Some experimental data indicate that high initial decomposition rates can result in slower organic matter decay at the later stages (Hobbie et al. 2012). Such observations are perfectly reproduced by our model implementation, in which high initial decomposition rates lead to a change in molecular composition of the decomposing matrix that translates into a larger value of the intermolecular protection parameter, which, in turn, alters the decay process. Interestingly, our mathematical formulation of the equations describing the intermolecular protection and microbial turnover also shows that, at least after one year of decomposition, the mass of organic matter cannot reach the zero value, but asymptotically stabilizes around minimal limit values.
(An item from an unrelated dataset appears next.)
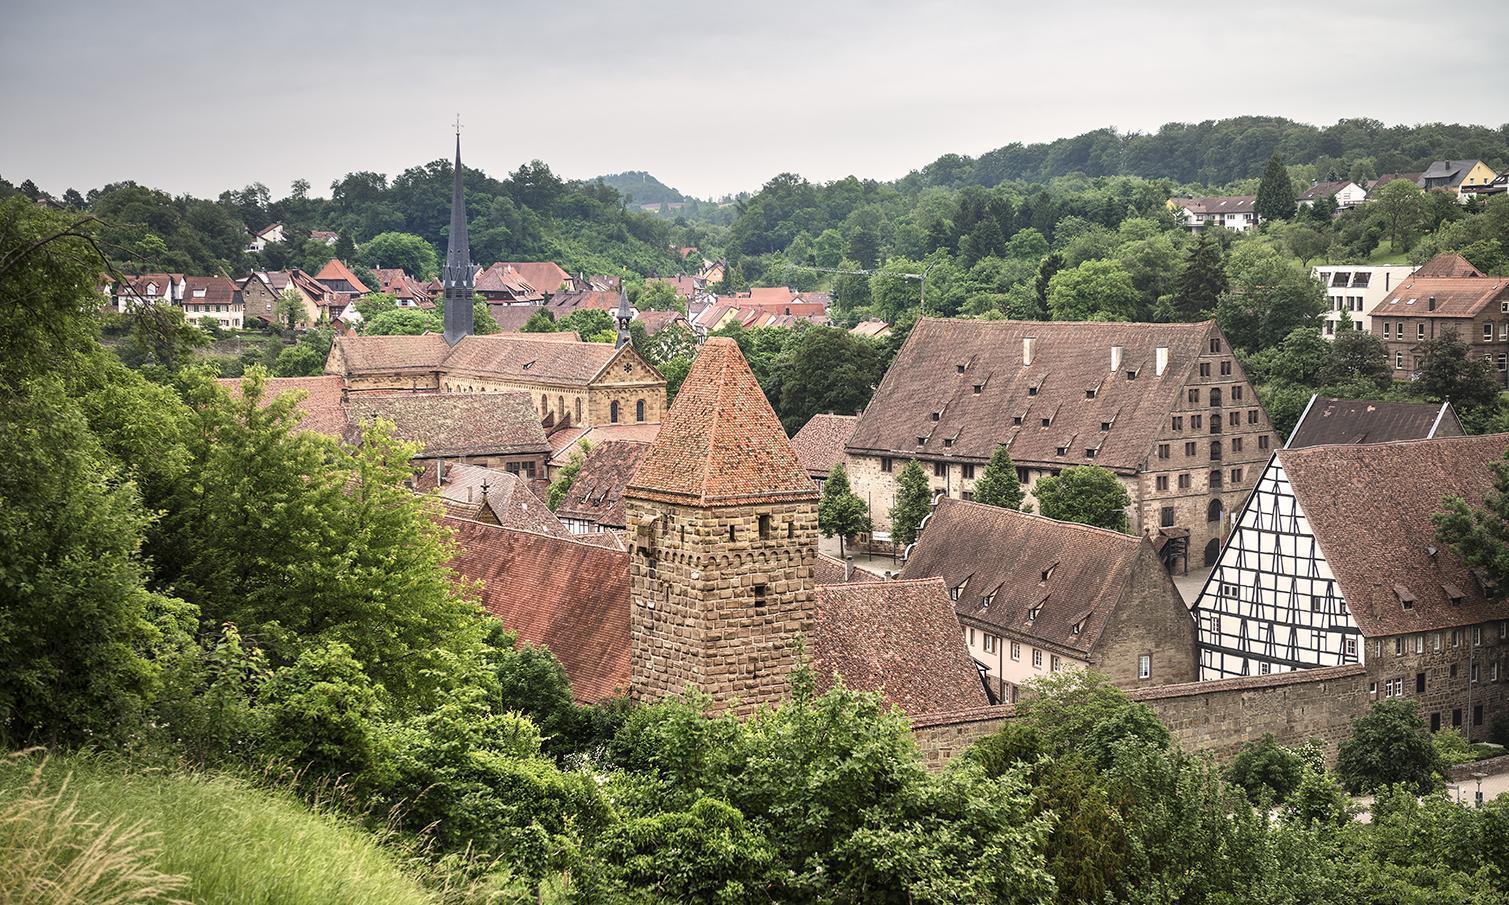 Kloster Maulbronn, Klostermauer und Wirtschaftshöfe; Foto: Staatliche Schlösser und Gärten Baden-Württemberg, Günther Bayerl

A further critical issue in current decomposition models is the different underlying philosophies with respect to the influence of soil mineral N and P on litter dynamics. Nitrogen content and N related indexes such as C/N and lignin/N ratios have been often used as chemical parameters in organic matter models (Shibu et al. 2006; Adair et al. 2008). However, the reliability of such indicators throughout the decomposition process has been often criticized based on empirical evidence (Berg and McClaugherty 2013; Hättenschwiler et al. 2011; Bonanomi et al. 2013). In fact, exercises on previous models indicated that the exclusion of N from decomposition model variables does not preclude the possibility to correctly predict short- and medium-term organic matter decomposition dynamics (Palosuo et al. 2005; Incerti et al. 2011). In a recent comparative analysis on the application of different models in order to predict long-term decomposition in different biomasses, Bonan et al. (2013) observed that reliable modelling predictions of C-N dynamics and N mobilization are largely context-dependent. The inconsistency between simulations and observations could be related to the different implementations of the effects of mineral nutrient by different models. In this respect, our simulations implicitly assume that conditions of N availability do not limit decomposition process. While our choice appears justifiable, further applications of the OMDY model to existing datasets on long-term decomposition (e.g. LIDET, Bonan et al. 2013) should help to clarify whether it is possible to fit observations using our improved evaluation of molecular composition of organic matter, irrespective of N and P dynamics.